Mine is a long sad tale, as the dormouse said to Alice down there in Wonderland – because this is really is my ‘tail’ here, along with a number of the little Tootsie Roll segments above my tail.
Sad, I know.
But maybe it’s not SO sad.
I went to the doctor today for my annual checkup and on the way into the building saw a man with a grey beard and long shaggy hair lurking by the parking garage; just kind of meandering along among the idling taxis and the little open-air ‘jailhouse’ they have these days to accommodate the smokers.
This man looked to be about 60 and wore khakis, an open-neck shirt, a suit coat, and, perched atop his head, a toy fireman’s helmet. He was smoking as he ambled along and every 20 feet or so he stopped, pulled out a pint and took a long swig.
“Drinking,”I thought. “Maybe that’s what I’ll be doing an hour from now when I come out from this appointment.

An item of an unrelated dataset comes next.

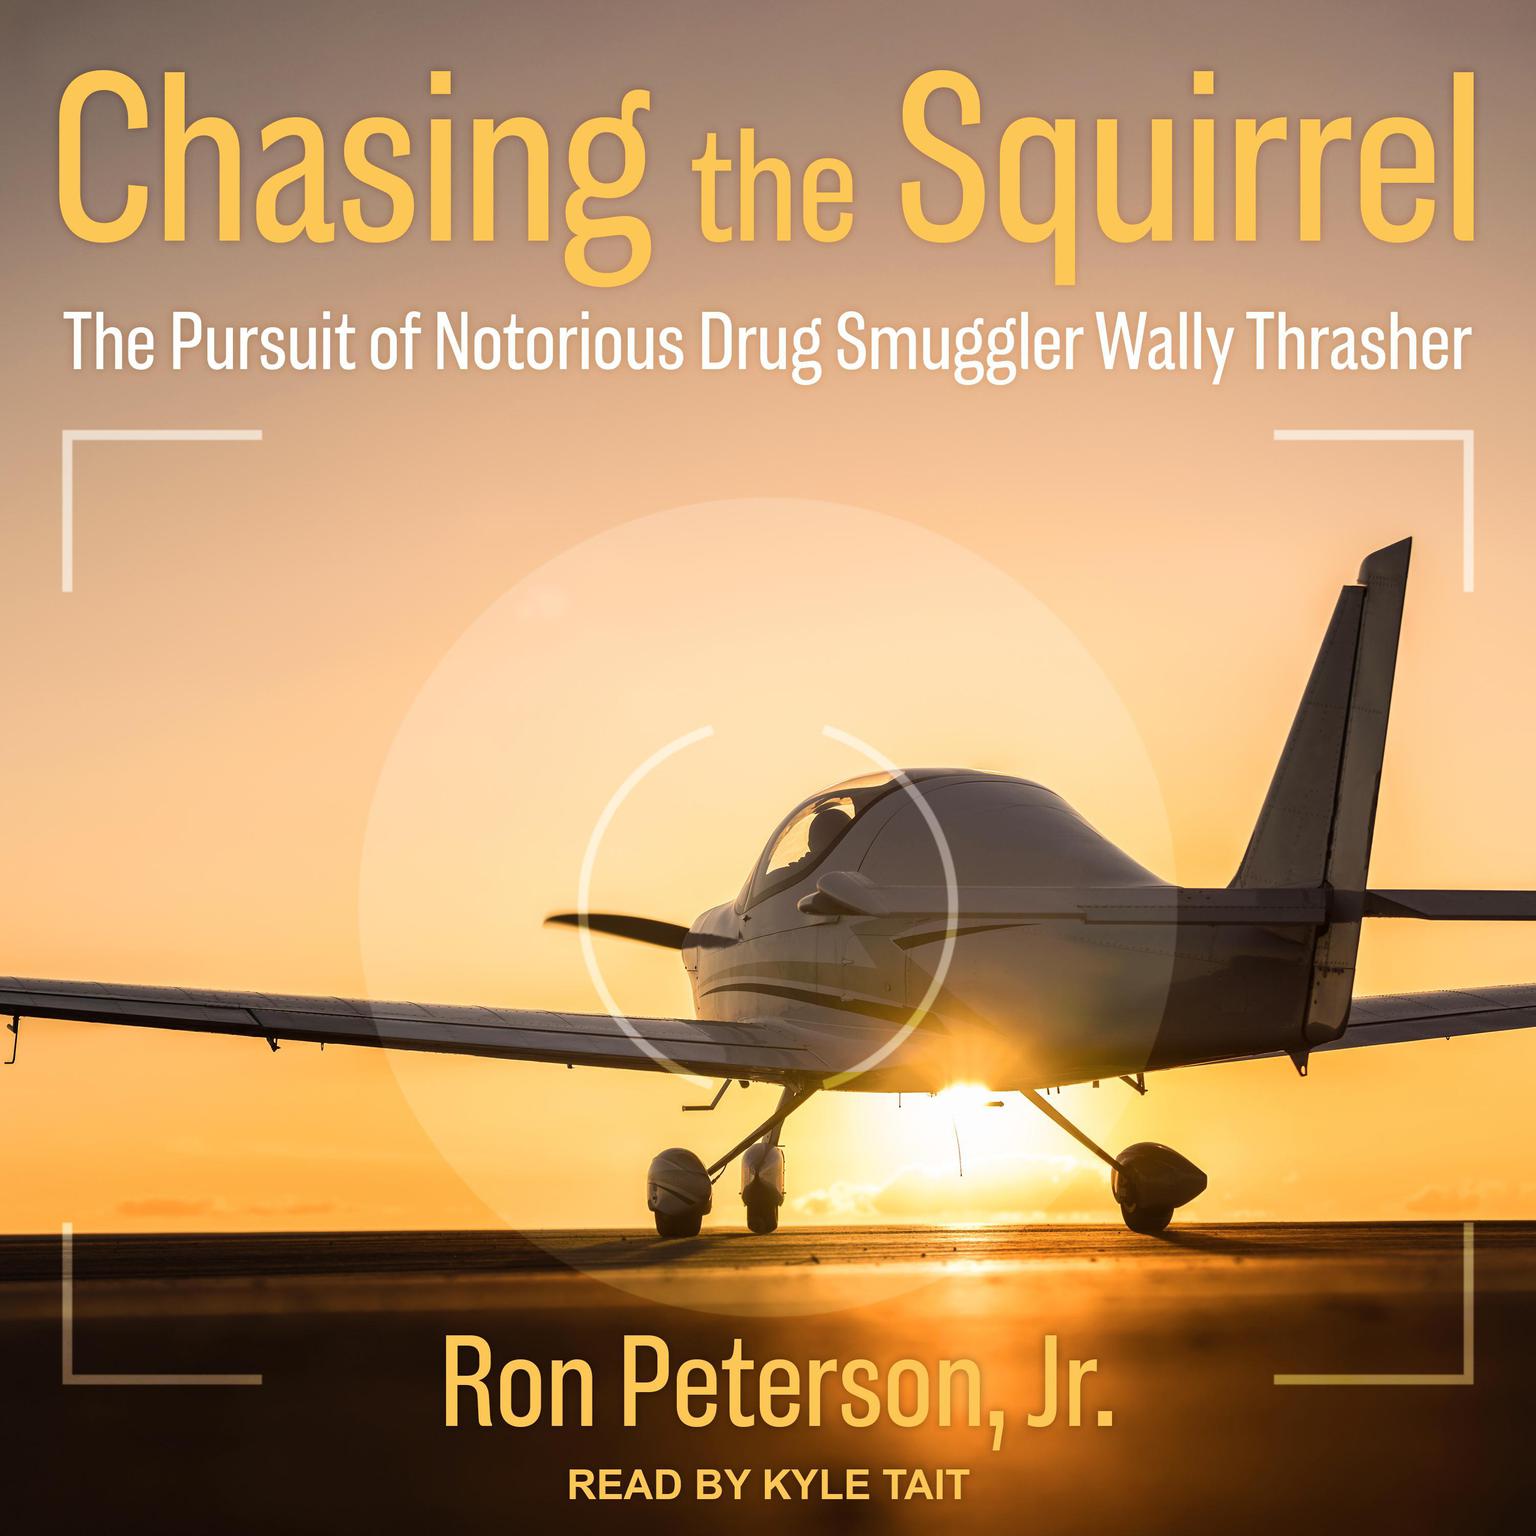 Chasing the Squirrel: The Pursuit of Notorious Drug Smuggler Wally Thrasher Audiobook, by Ron Peterson

Maybe I’ll be taking up smoking and trotting over to the packy for a tidy pint myself.”
Because you never knew do know what they’re going to find out at an annual checkup where the ask so many questions, like when your last period was and whether or not you take Ecstasy.

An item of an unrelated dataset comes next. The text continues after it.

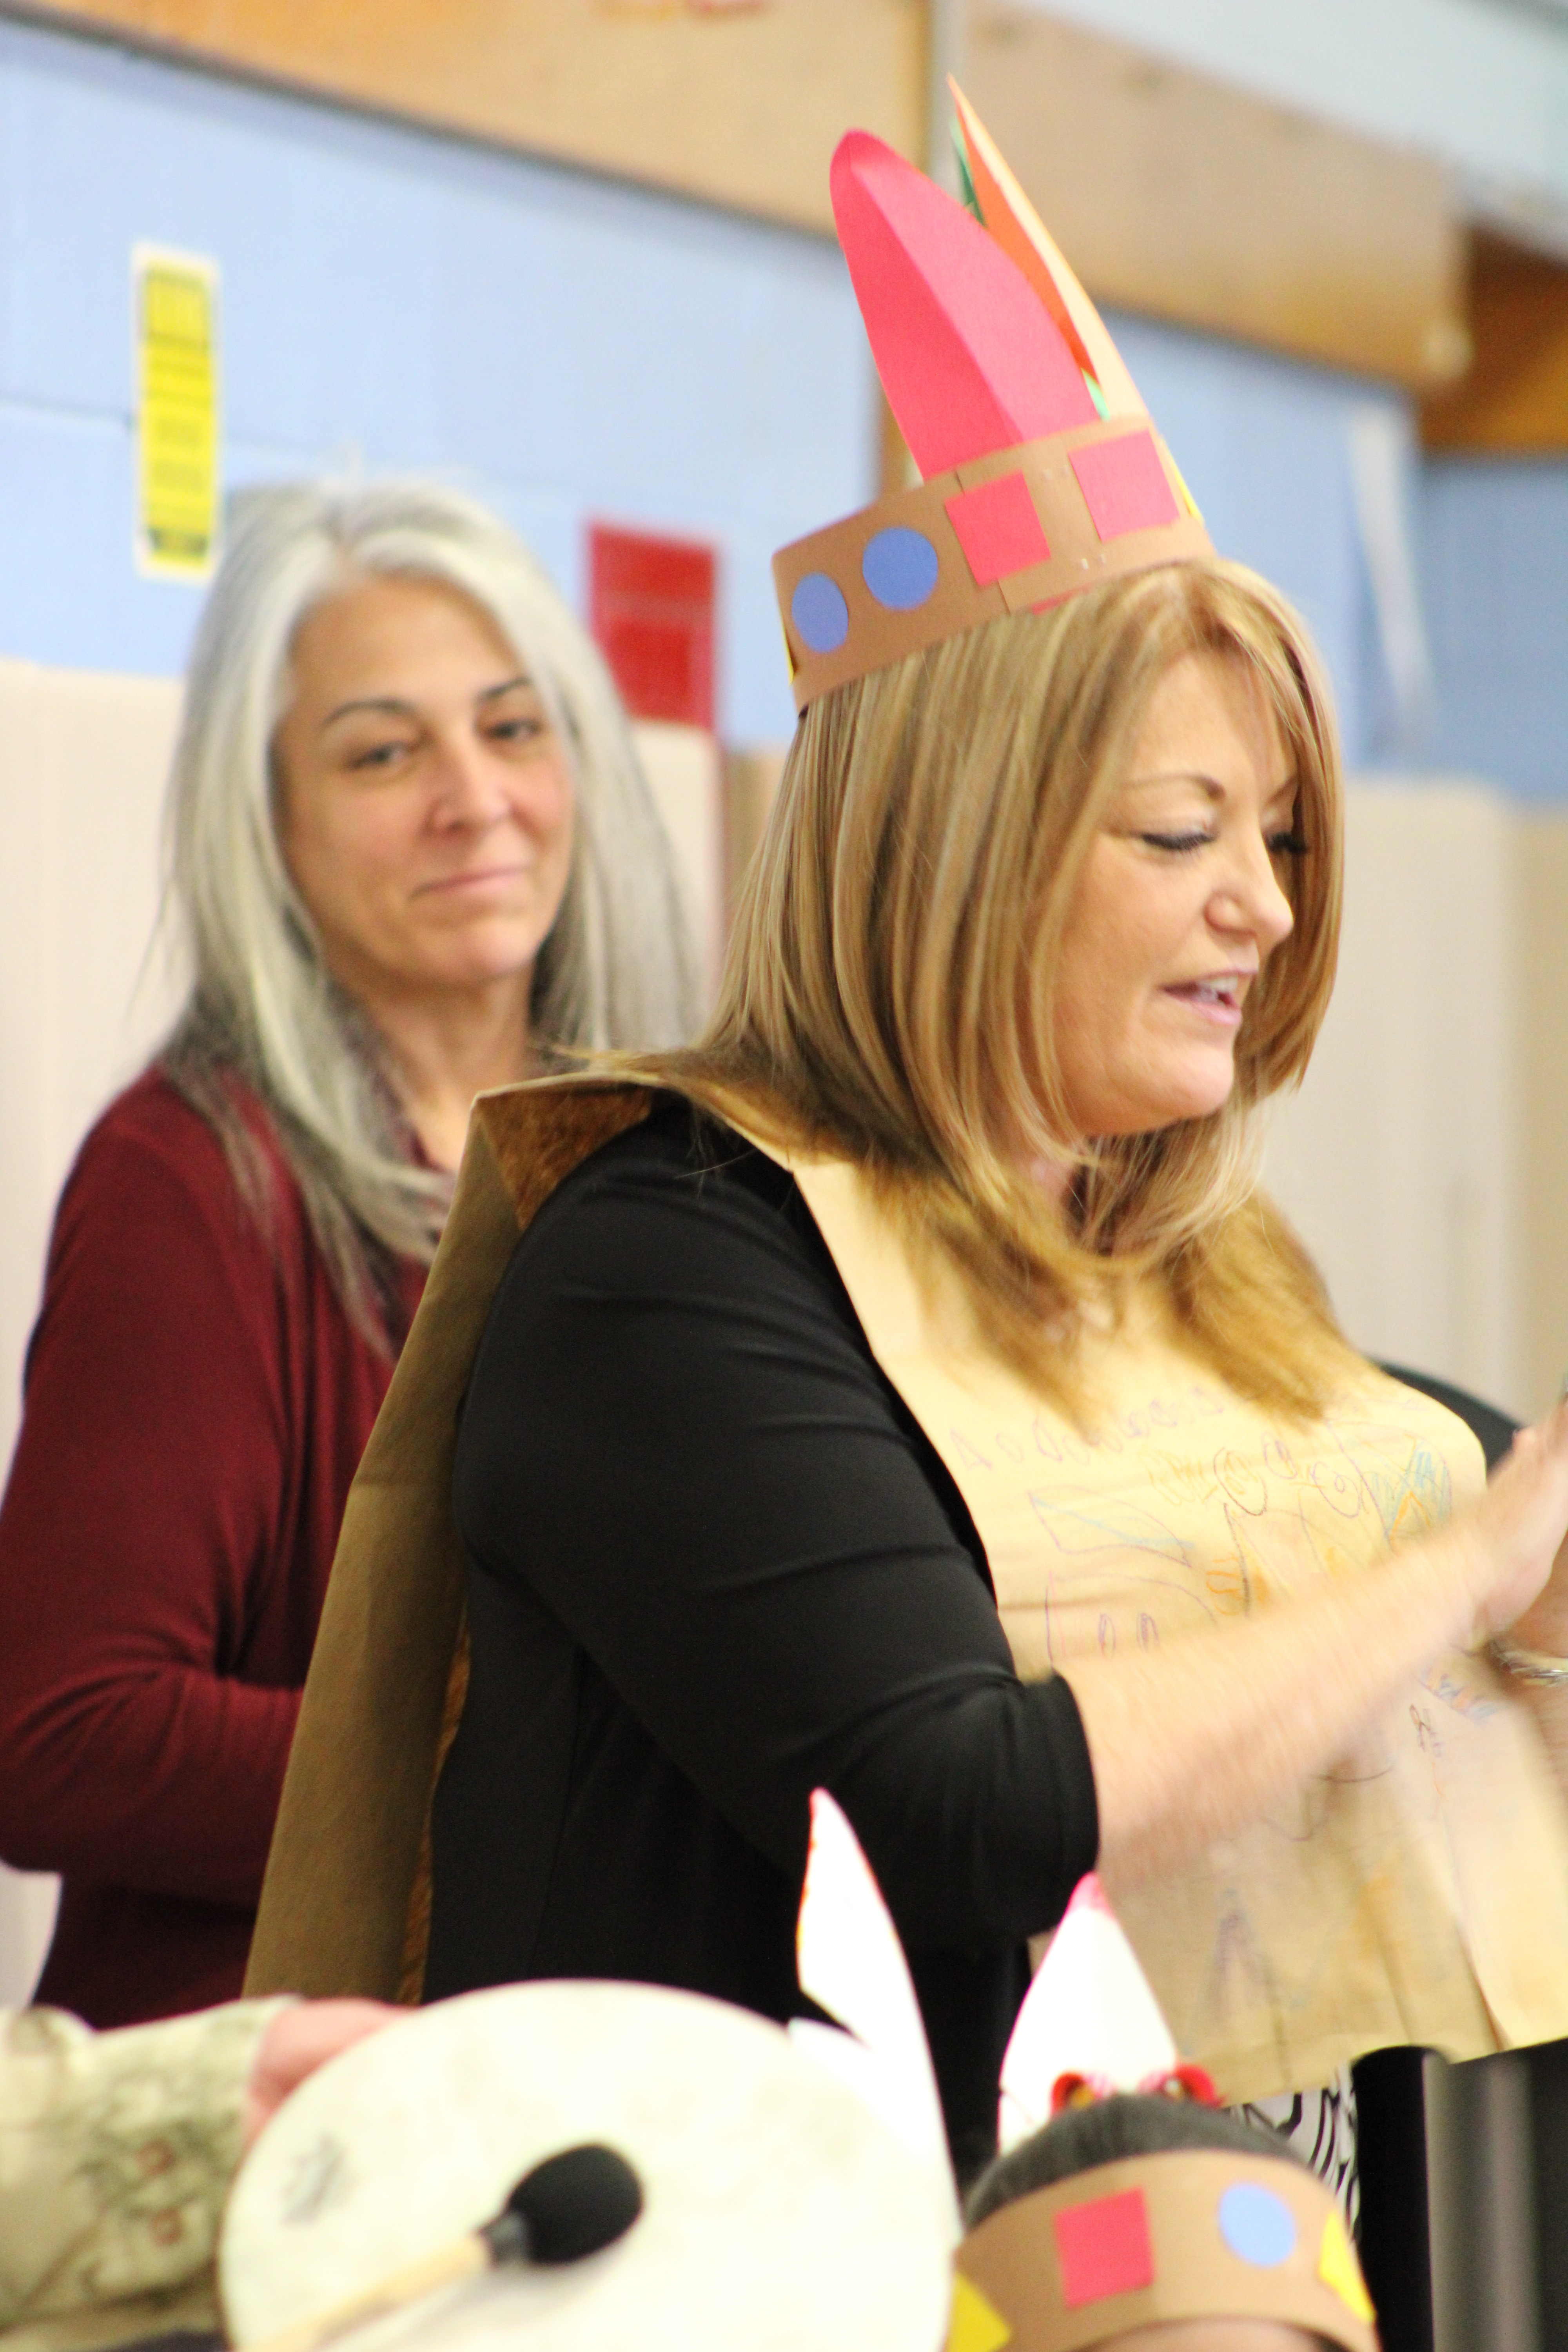 The Remsenburg-Speonk Elementary School hosted its Thanksgiving event on Thursday.

I was told that this time I didn’t have to pee in a cup and that was a nice break. However they did weigh me, dammit, and the news was way worse than it had been last year at this time. Here’s last year’s rundown:
Today I was told that my blood pressure is113/70 and that my heart is pumping along at the rate of 65 good hard squeezes per minute, and that seemed great to me,
Some of the rest of the news was less than great: My weight is up eight pounds.
I felt happy to be able to say I run on the treadmill for 40 minutes most days and shy about admitting I drink a glass or two of wine at night and, on weekends, sometimes take a slug or two of whiskey,
I did complain to the doc about my weight gain though, and in response she said something I misheard. Because we’re good friends by now, she looked me dead in the eye and said. “So you’re deaf now?”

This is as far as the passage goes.